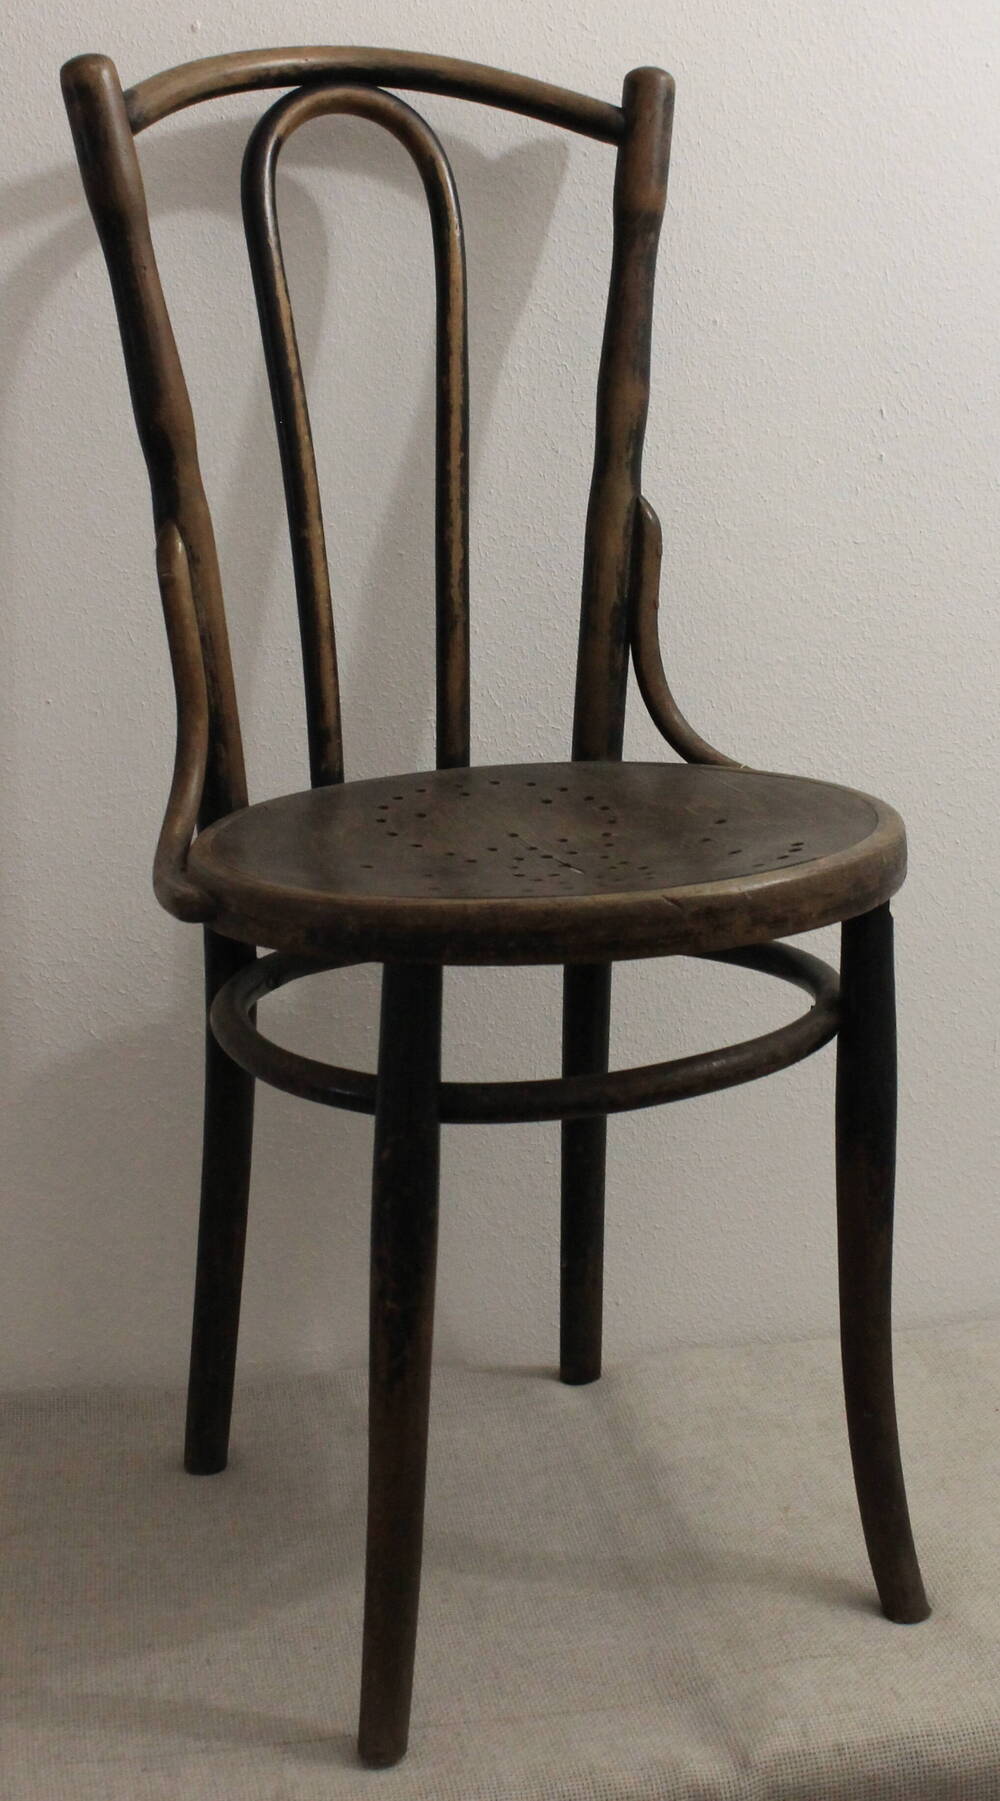 Стулья
венские с округлыми гнутыми спинками. На 3-х стульях рисунок. На сиденьях рисунок – отверстия. Один стул сиденье – без рисунка.
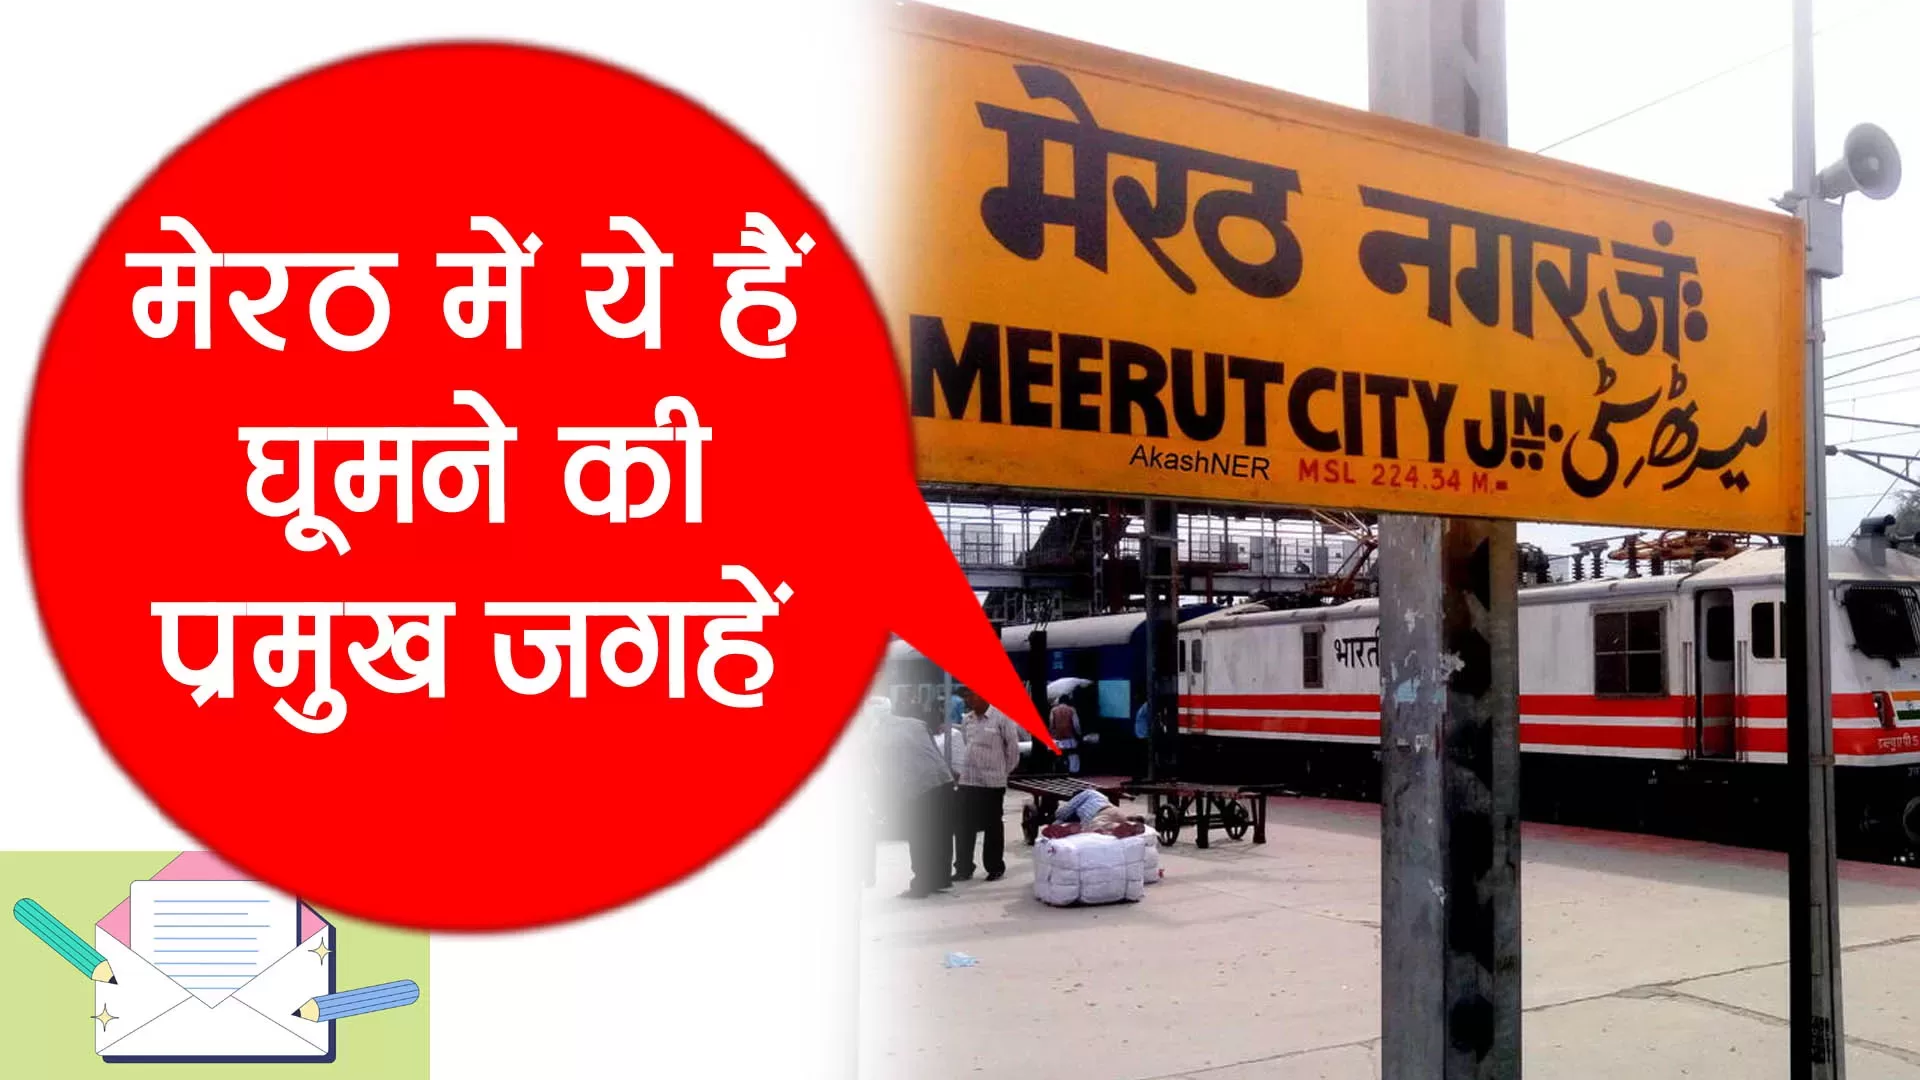 About Meerut in Hindi: जानें मेरठ का इतिहास और घूमने की जगहों के बारे में

• Action item
For this task, give the full listing again verbatim and keep out every picture.

• Reply
 Стулья
венские с округлыми гнутыми спинками. На 3-х стульях рисунок. На сиденьях рисунок – отверстия. Один стул сиденье – без рисунка.
 About Meerut in Hindi: जानें मेरठ का इतिहास और घूमने की जगहों के बारे में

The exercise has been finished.